Expect rough times ahead for Eagle II

One of the nice things about going to a industry party is the opportunity to talk to a lot of people and get the pulse of the market.

Last night’s Deltek holiday party was no exception. The mood was definitely upbeat, but contractors across the board are still anxious; even if the fiscal cliff is avoided, they know the next couple of years are going to be tough.

One common theme among several of the conversations I had were concerns about some large government procurements, particularly Homeland Security Department’s $22 billion Eagle II and to a lesser extent the $11 billion Technical, Acquisition and Business Support Services contract, known as TABSS.

The news about the Eagle II awards broke just before I left for the party. In a nutshell, six awards were made in the full-and-open portion of the category 3, which covers independent test, validation, verification and evaluation. There are other tracks in the category 3 to be awarded, as well as categories 1 and 2 and their tracks.

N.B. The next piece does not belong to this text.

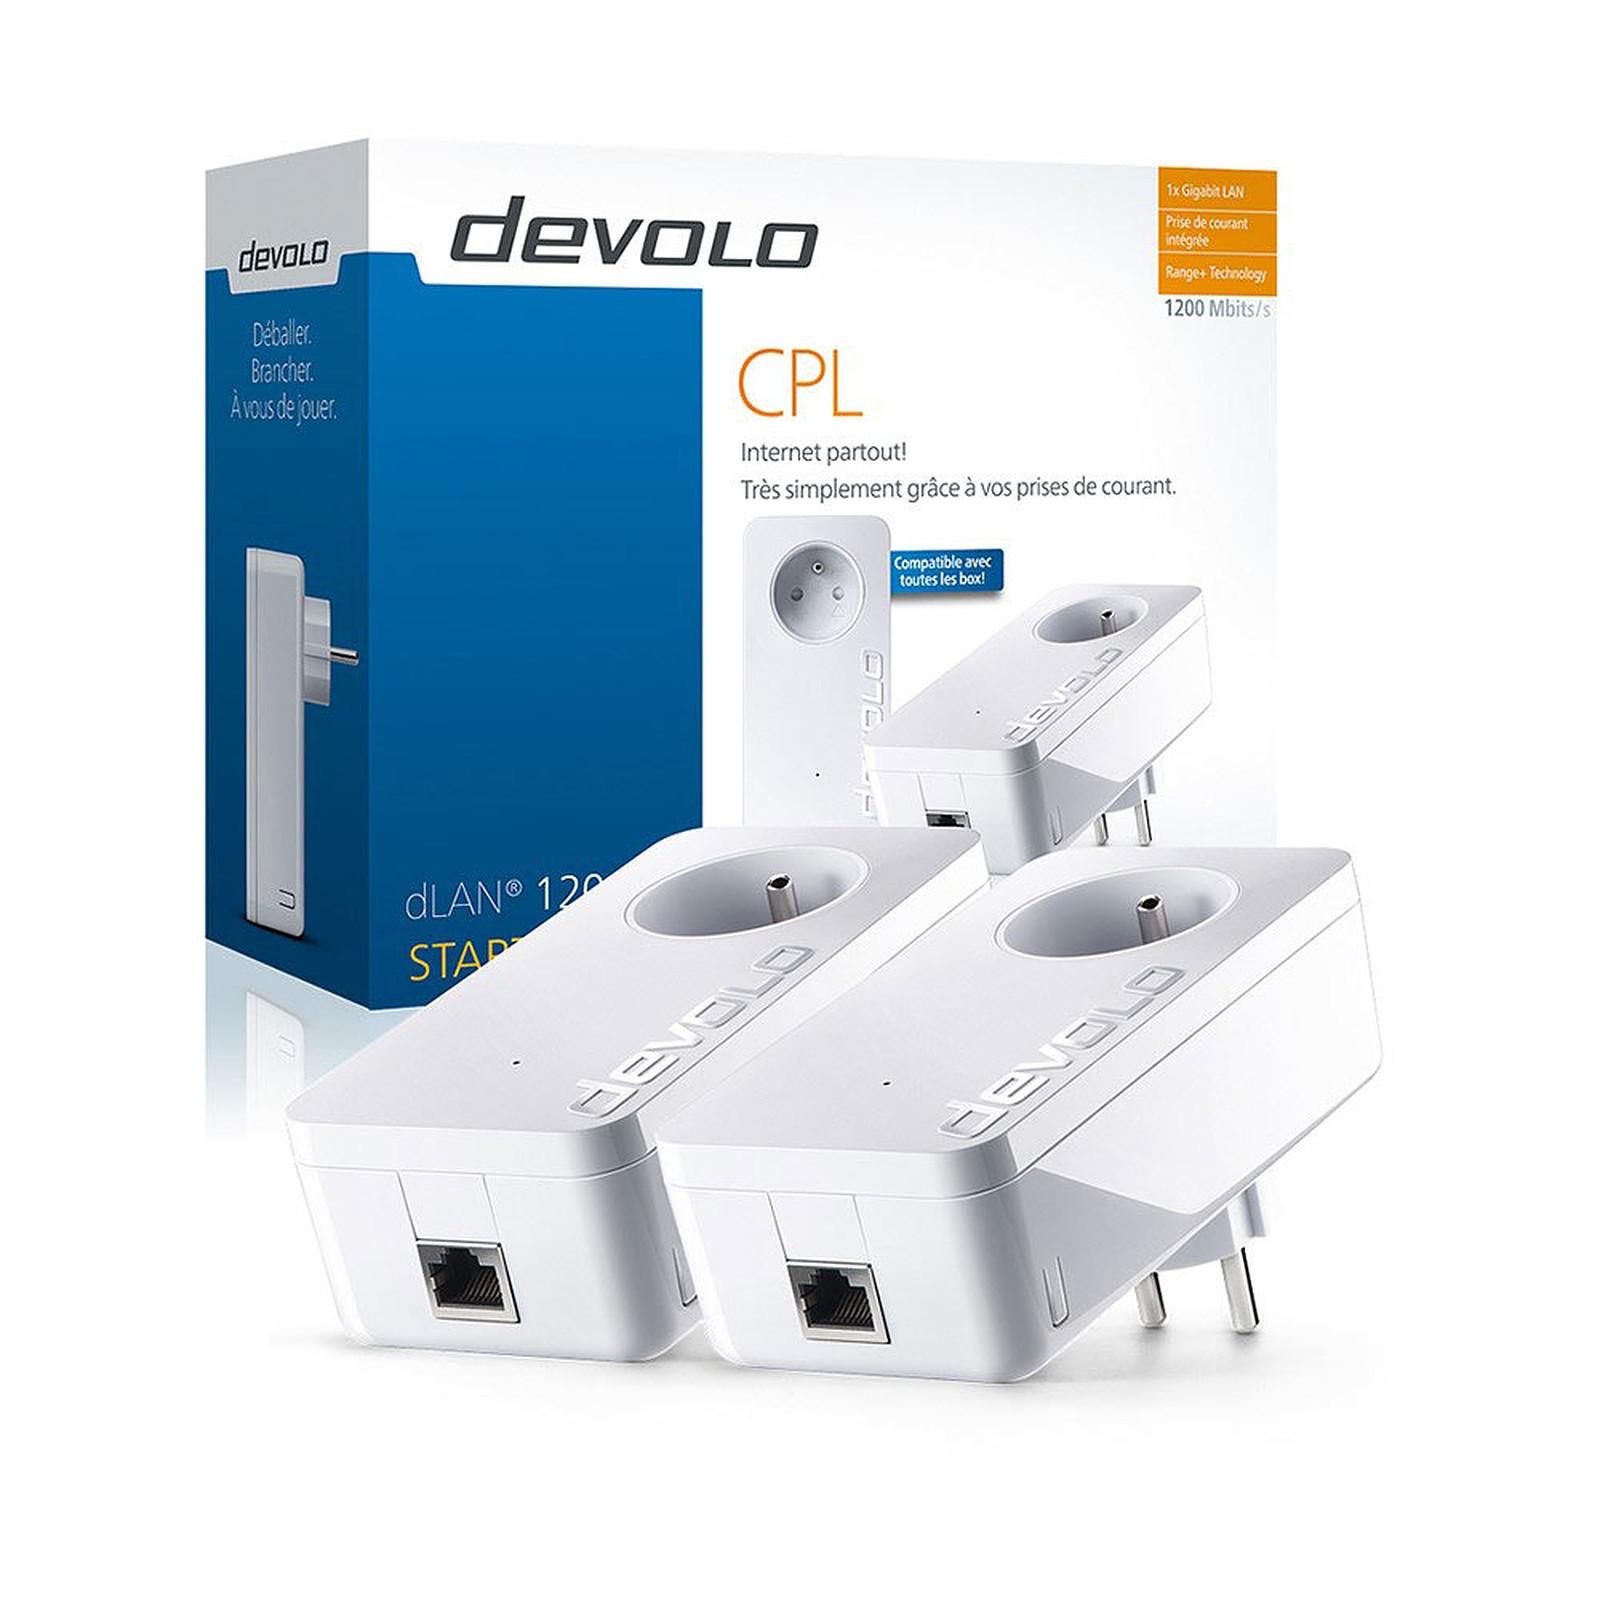 Devolo dLAN 1200+ Starter Kit - CPL Devolo AG sur LDLC.com

But the issue is when these awards will be made. Several small business protests have been filed, and aren’t expected to be resolved until February. It’s unusual for protests to be filed even before an award is made but objections have been raised over how the small-business portion of the solicitation is structured.

A question is how the protests will impact getting the awards out. The current Eagle expires in September. What will happen if Eagle II isn’t up and running? Where will DHS turn for IT support?

It seems to be a very real possibility that Eagle II won't be fully in place by the September. That scenario could create a great opportunity for the TABSS contractors. TABSS is geared toward the Coast Guard but can be used across DHS. Many of the same services can be acquired through TABSS as can be purchased through Eagle II, so it makes a logical plan B for DHS IT buyers.

One issue with TABSS is that the recent awards in the full-and-open portion of the contract went to 12 companies, but that is out of 47 bidders. Do you think there will be more than one protest filed? So there will likely be delays getting that one off the ground, but it should still be ready before Eagle I expires. Of course, there is a short window for filing protests and I haven't found any yet.

I also heard from three different people last night that the procurement shop handling Eagle II has been very aggressive in looking for ways to eliminate primes from the competition. Reasons for being knocked out include problems with teammates and how your proposal is structured.

It seems no one is being given the opportunity to make up for deficiencies.

In a way, I’m sympathetic to the government, particularly if the high number of bids that came in for the TABSS contract is becoming the norm. Imagine being flooded with that many proposals. But at least of the stories I heard had a very easy fix -- fire the sub -- but DHS said nope.

Of course, the government brings some of that on itself because these contracts are so sprawling with multiple categories of work and each category having multiple tracks. They practically beg companies to bid as a prime because it is easy for them to find a niche where they can fit into the contract.

While no one called DHS a mess or a nightmare, many people are bracing for a rough ride until these contracts are up and running, particularly Eagle II. So there will likely be delays and protests ahead, a much too familiar refrain in the market.